[SOLVED] Simple question in L.P

[omerysmi]

In this LPF the input is step signal, I need to find an experssion of Vo(0+) and of Vo(∞).


My answer is:
Vo(0+) = (E*R2)/(R1+R2)
Vo(∞) = E

Am I right?

 

[andre_luis]

Sure, seems correct.

 

[omerysmi]

Sure, seems correct.

So in fact the transient is not blocked in this circuit? (Unlike standart L.P.H circuit of capatiance in series to resistor that the transient is blocked)

As we can see in the drawing there is a transient of E*R2/R1+R2

 

[D.A.(Tony)Stewart]

The transient (rapid step) is only suppressed by the resistor ratio.

In particular with an RC filter where the Cap has ESR or Rs like R2, this result applies.

 

[omerysmi]

The transient (rapid step) is only suppressed by the resistor ratio.

In particular with an RC filter where the Cap has ESR or Rs like R2, this result applies.

The drawing of this circuit is right?

 

[Venkadesh_M]

Yeah the step response is correct. Why don you try a expression.

 

[D.A.(Tony)Stewart]

Correct.

Now Imagine a steady DC source with Cap with ESR, with PWM load.

The pulsed ripple is the same R ratio except using source and load.

They dont stress the significance of this in education enough.

The ESR or series R or differential series resistance in a semiconductor or any nonlinear part or winding resistance in a choke are all examples that cause non ideal step transient in pulsed loads or sources.

Another way to apply this is to specify load regulation of a source which may have a large Cap on output.

the net effect of a step load is same as a step source, the error is the Rload/(Rload+Rsource) and this is called Load regulation Error.

Where Rsource is usually the total ESR of the semiconductors that drive the output for dc and ESR of the capacitors for pulsed load ripple estimates.

So source to load ratio is important for a voltage source as the voltage source is never ideal=0 Ohms.

 

[omerysmi]

Yeah the step response is correct.

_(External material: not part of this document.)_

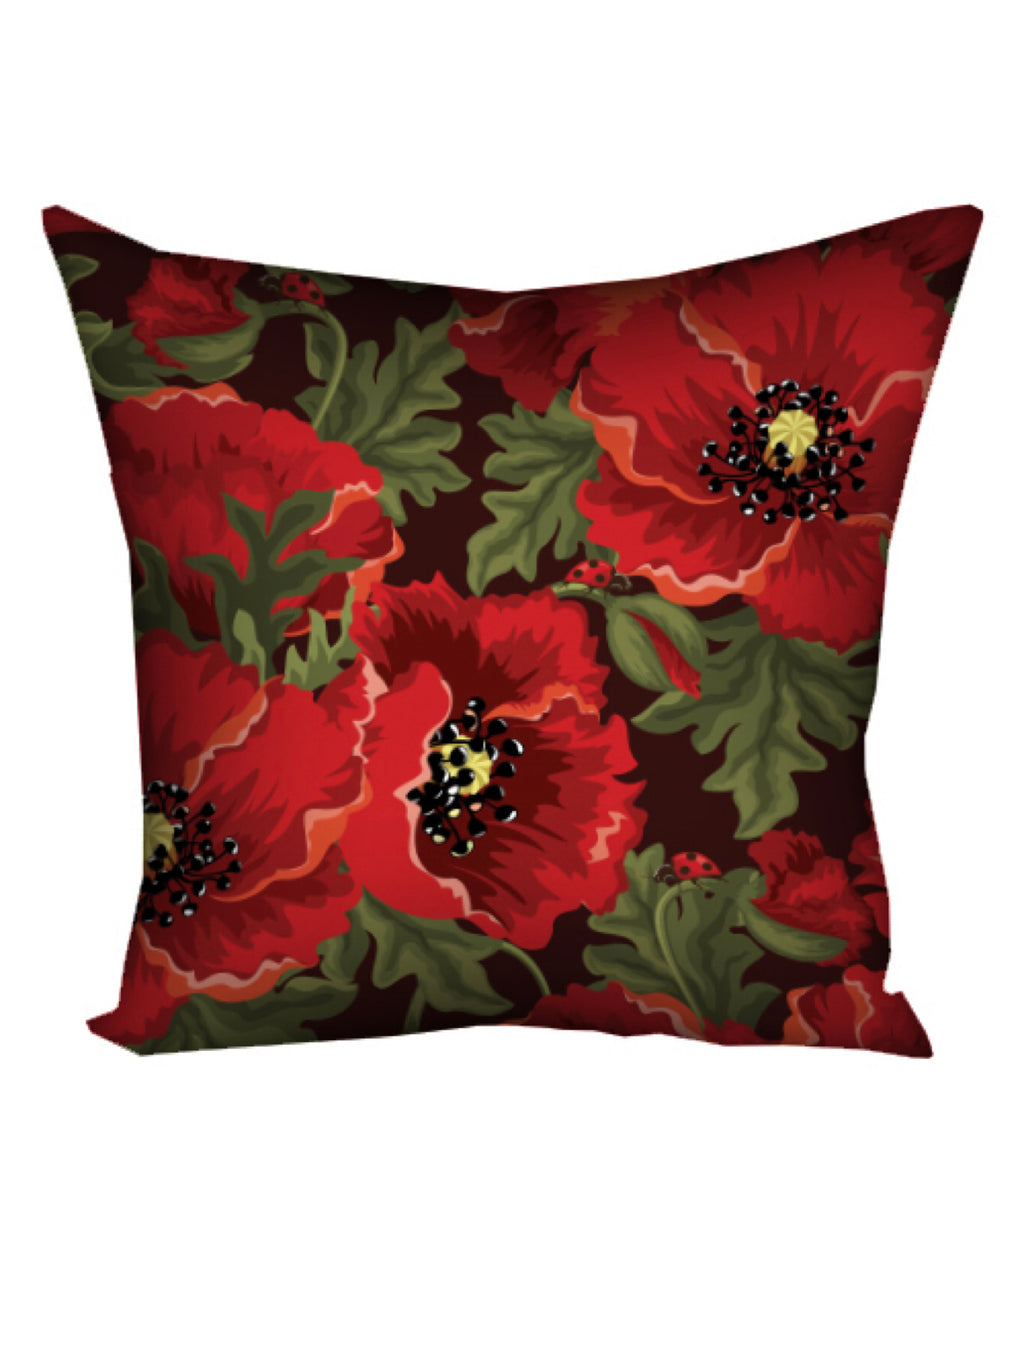 Decorative Pillow “Poppies”
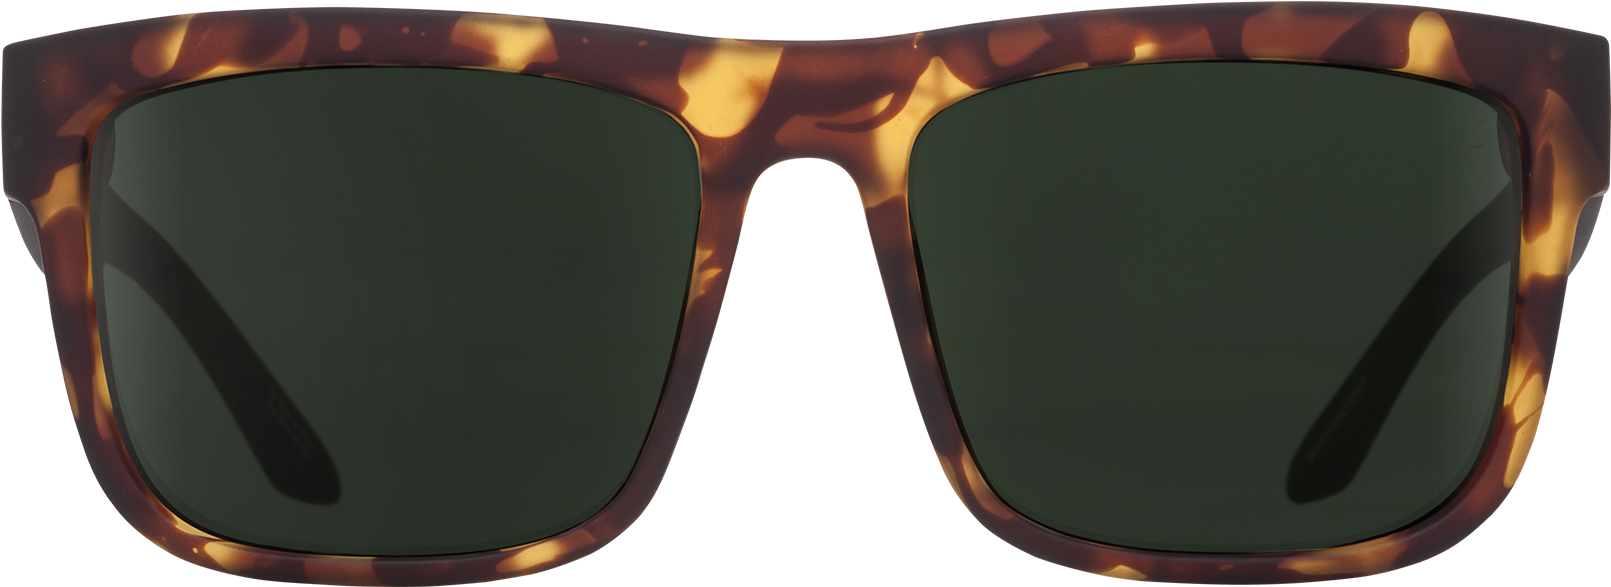 Tortoiseshell Sunglasses Product Image PNG

Why don you try a expression.

The total resistance in this circuit is R1 + R2 right?

 

[Venkadesh_M]

Yes, but why do you need it. The graph in #5 is completely definable after 0, try to write a expression so that you will get a more deeper understanding.

 

[omerysmi]

Yes, but why do you need it. The graph in #5 is completely definable after 0, try to write a expression so that you will get a more deeper understanding.

The expression is
Vo(0+) = (E*R2)/(R1+R2)
Vo(∞) = E

 

[andre_luis]

The total resistance in this circuit is R1 + R2 right?

You must be aware that the term "real" also has a specific meaning on math.

Although in fact R1+R2 represents the real component of the overall impedance ( composed by a sum of a Real plus an Imaginary part ), for a transient analysis it is useless a separation or them. Anyway, as you pointed before, at the initial condition ( t=0+ ) is true.

 

[Venkadesh_M]

The expression is
Vo(0+) = (E*R2)/(R1+R2)
Vo(∞) = E

Hi,

I don want you to write this equation, that you did in #1, but V(t) a single expression then you can substitute all 0+ values and get the output voltage.

V(t) = ? for ( t = 0+ )

 

[omerysmi]

You must be aware that the term "real" also has a specific meaning on math.

Although in fact R1+R2 represents the real component of the overall impedance ( composed by a sum of a Real plus an Imaginary part ), for a transient analysis it is useless a separation or them. Anyway, as you pointed before, at the initial condition ( t=0+ ) is true.

Look, I have to find the time constant (τ) so i need to find the equivalent resistance in the circuit (Req*C)
so Req is in fact R1+R2

 

[Venkadesh_M]

what is next? i mean final expression. i would like to see the whole expression.